# aloha



## Shadofox (19 Dez. 2013)

auch ich möchte mich den möglichen Begrüßungen tapfer entgegenwerfen.... 
ich bin 31 Jahr alt auf Hawaii geboren (wie auch Barak oder Jessica Alba) und schau mir gern die Fotos der Roten Tepiche und Veranstalltungen an. und hier soll es ja angeblich ein paar davon geben  

na dann wünsche ich euch allen noch ne ruhige Nacht


----------



## Punisher (19 Dez. 2013)

willkommen hier


----------



## General (19 Dez. 2013)

Herzlich Willkommen auf CB


----------



## adriane (19 Dez. 2013)

Welcome auf 222832 !!!

Gruss Adriane !!!


----------



## Shadofox (20 Dez. 2013)

yeah.. da wird man bei euch aber freundlich Begrüßt. .  
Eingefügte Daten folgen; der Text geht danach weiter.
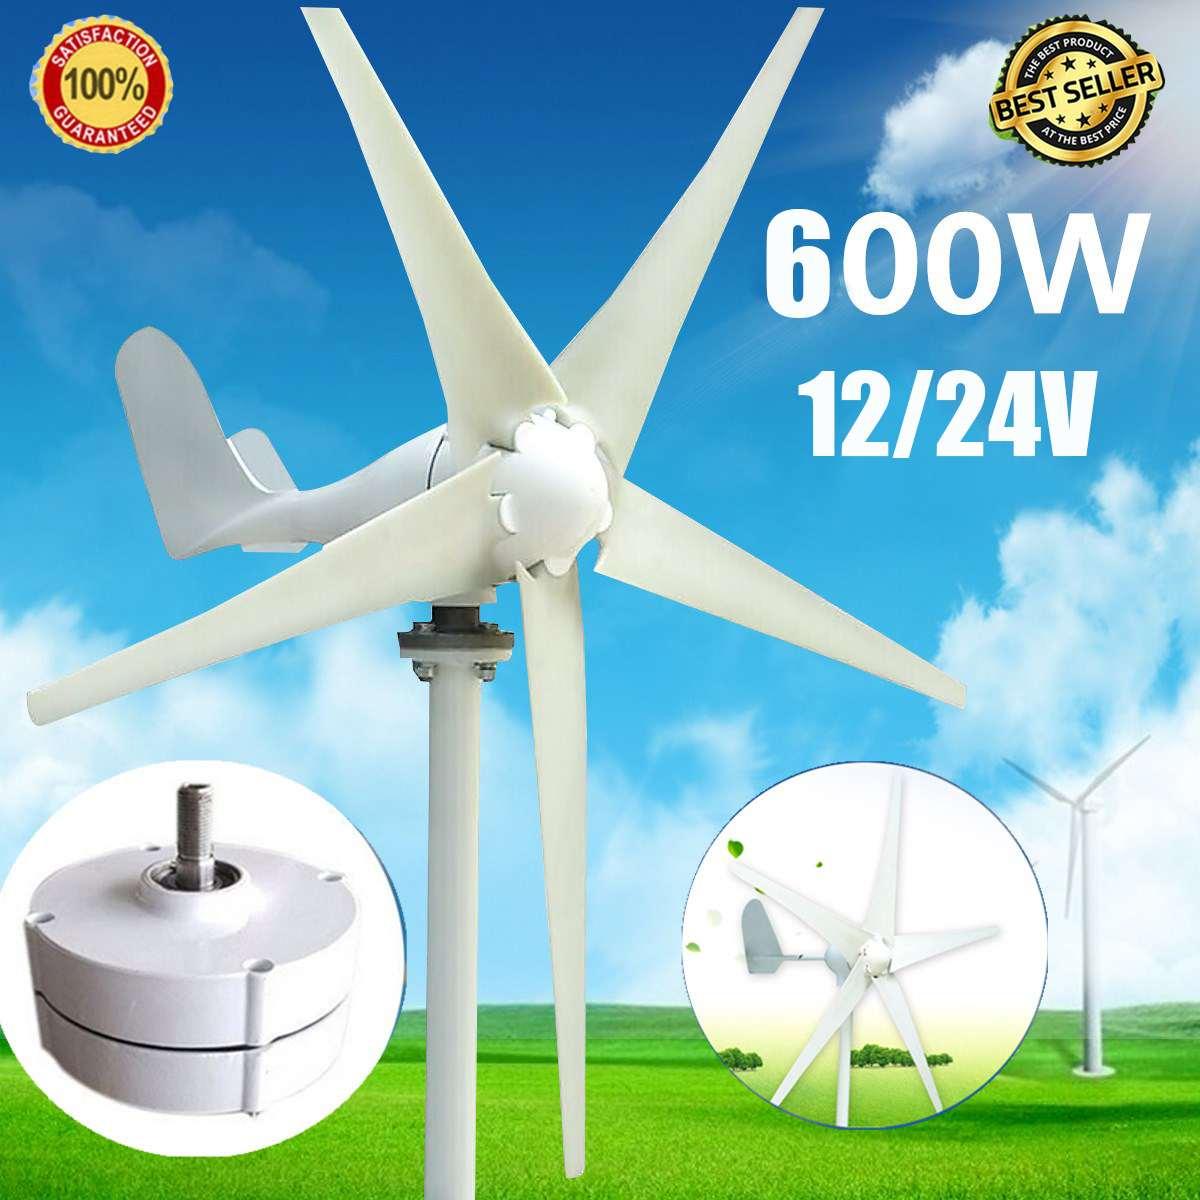 Wind T urbine Generator Max 600W DC 12V/24V 5 Blade Household Wind Generator 12V/24V 600W Permanent Magnet Generator Tu rbine System     - title=
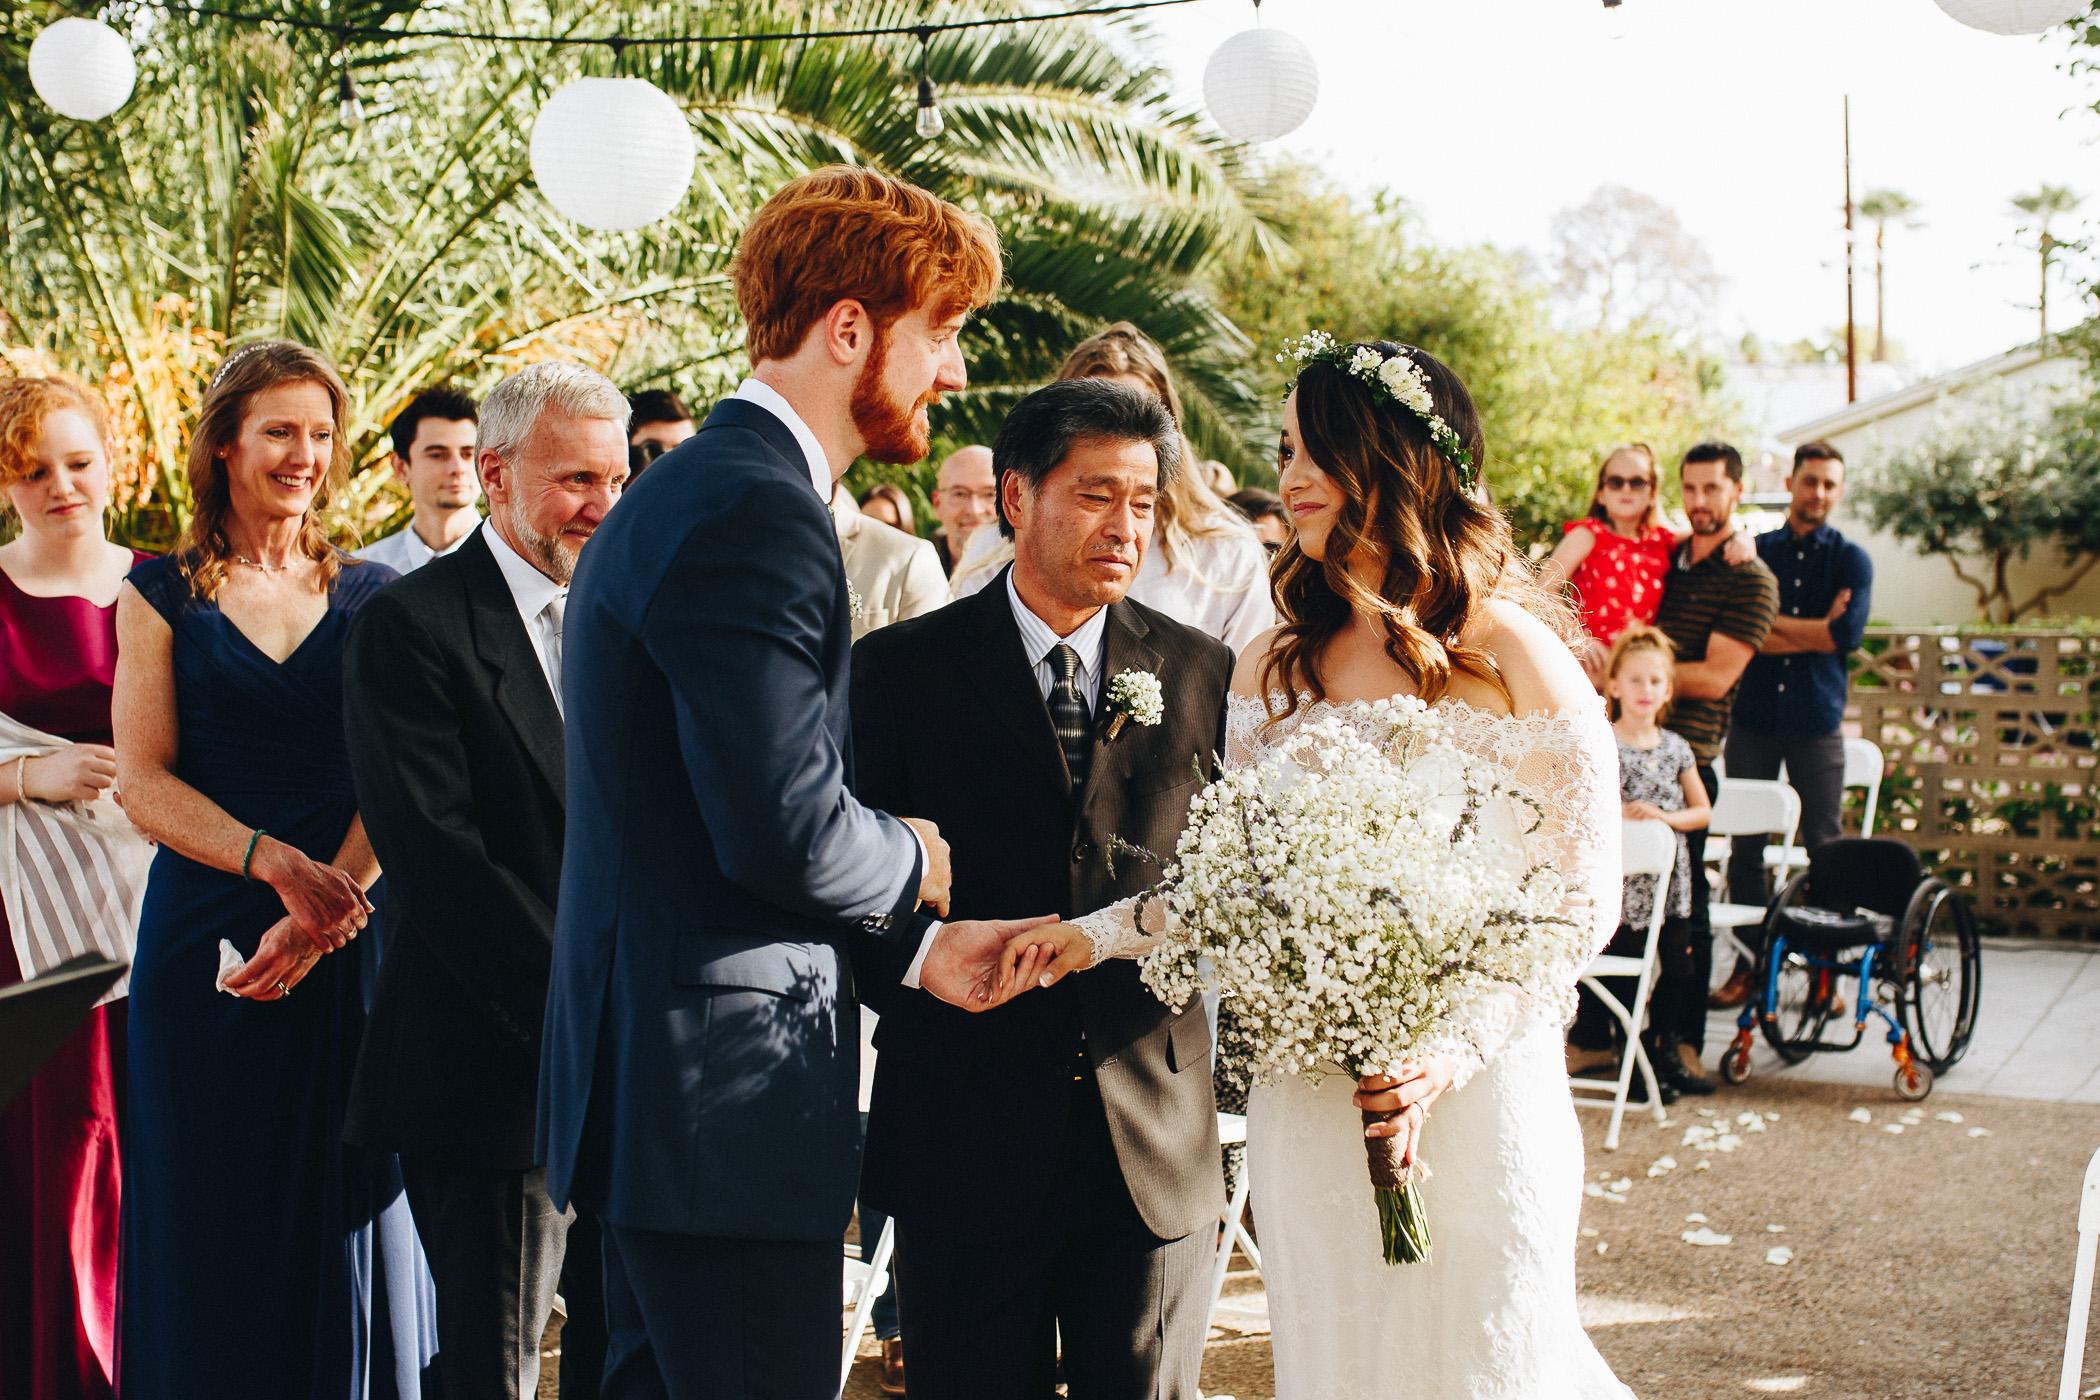 181104-Luxium-Weddings-Arizona-@matt__Le-Brandon-Kariana-Phoenix-Valley-Garden-Center-1052.jpg

das bin ich garnicht mehr gewohnt und muss das ersmal verdauen harhar


----------



## Krone1 (20 Dez. 2013)




----------



## Hehnii (20 Dez. 2013)

Viel Spaß beim Stöbern und Herzlich Willkommen!


----------



## candicefan (21 Dez. 2013)

Welcome!


----------



## Robe22 (22 Dez. 2013)

Shadofox schrieb:


> yeah.. da wird man bei euch aber freundlich Begrüßt. .
> 
> das bin ich garnicht mehr gewohnt und muss das ersmal verdauen harhar





Die Begrüssungen gehen weiter 

Herzlich Willkommen!


----------